Advanced Data Science Option

Students who choose to follow the Advanced Data Science option of the Genome Sciences Ph.D. program should follow the regular Genome Sciences course sequence but also include the following course requirements:

1. Instead of Genome 560: Statistics for Genome Sciences (typically offered Spring Quarter), students enrolled in the Advanced Data Science option should take Statistics 509: Introduction to Mathematical Statistics. Statistics 509 was most recently offered during Autumn Quarter, but you should check the Department of Statistics website or the UW Time Schedule to see when it will next be offered. Please note that this course requires significant use of calculus. If you have not taken calculus for some number of years, you might want to consider taking a refresher course beforehand, and you should definitely take a look at the resources for review: https://www.stat.washington.edu/tsr/509review/

Alternatively, for a more advanced approach, students may choose to take Statistics 512: Statistical Inference. In this case, students may wish to consider also taking Statistics 513, the second course in this sequence.

2. Genome 540: Computational Molecular Biology (typically offered Winter Quarter each year)

3. Electives:
Students must take 2 of the following three courses:

Data Management: CSE 544.
Machine Learning, CSE 546 or STAT 535
Data Visualization: CSE 512.

4. Additionally, to further expand students’ education and create a campus-wide community, students will register for at least 4 quarters in the weekly eScience Community Seminar.

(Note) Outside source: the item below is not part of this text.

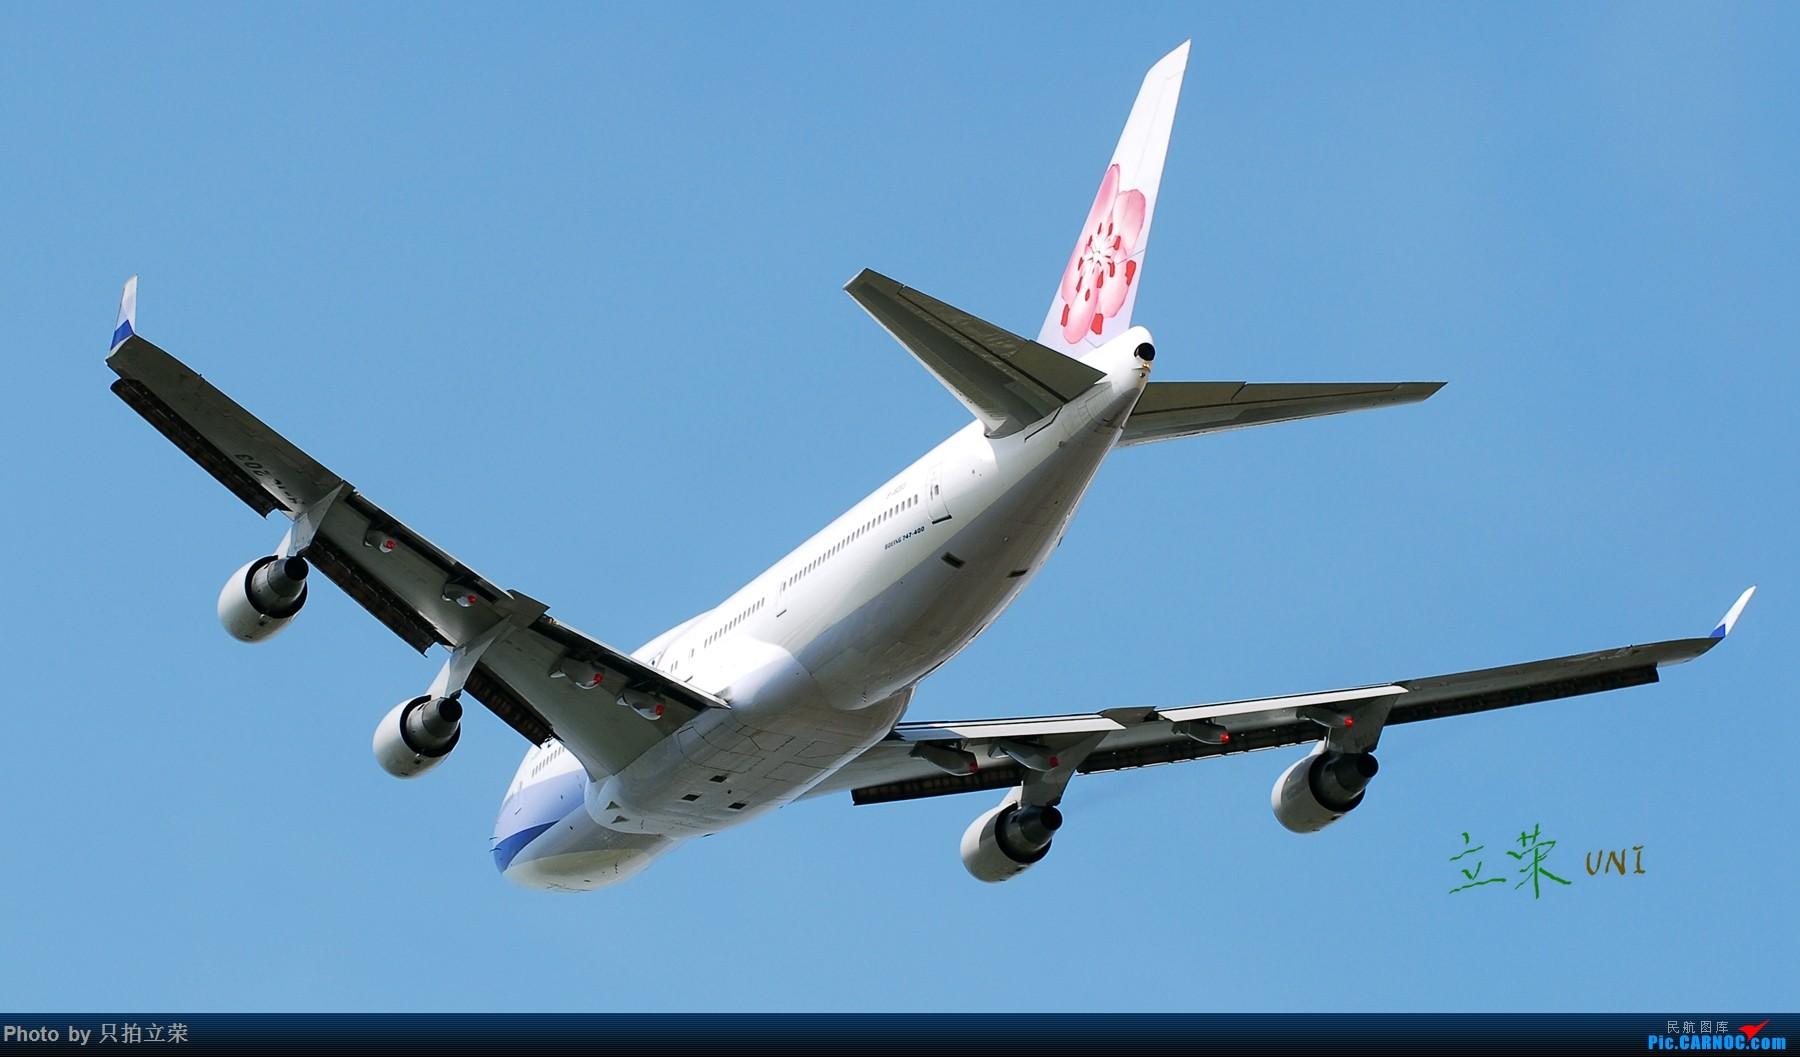 Re:[原创]第一次发图,长沙的大梅花们 BOEING 747-400 B-18203 中国长沙黄花国际机场

Please check the UW Time Schedule or the Department of Statistics and Department of Computer Science & Engineering websites for information on when these electives are offered.

Frequently Asked Questions:

Do I need to complete this coursework during my first year?

No. You are welcome to enroll & complete the course sequence at any time during your graduate studies. A good time to enroll might be at the end of year one, once you have selected a thesis lab, although you may end up completing some of the required courses (for example, Genome 540), during your first year.

How do I apply?

Simply obtain your thesis advisor’s permission and then contact Brian Giebel (bgiebel [ a t ] uw.edu) to let him know you are planning to follow this option. Once you have completed all coursework, contact Brian to let him know which courses you have taken to fulfill requirements, so that he may get this option added to your transcript.

Which is the right option for me – Data Science or Advanced Data Science?

Please contact Bill Noble for advice in which might be the best option for you.

Which courses should I take as prereqs in preparation for enrolling in this program?

Please contact Bill Noble for suggested courses.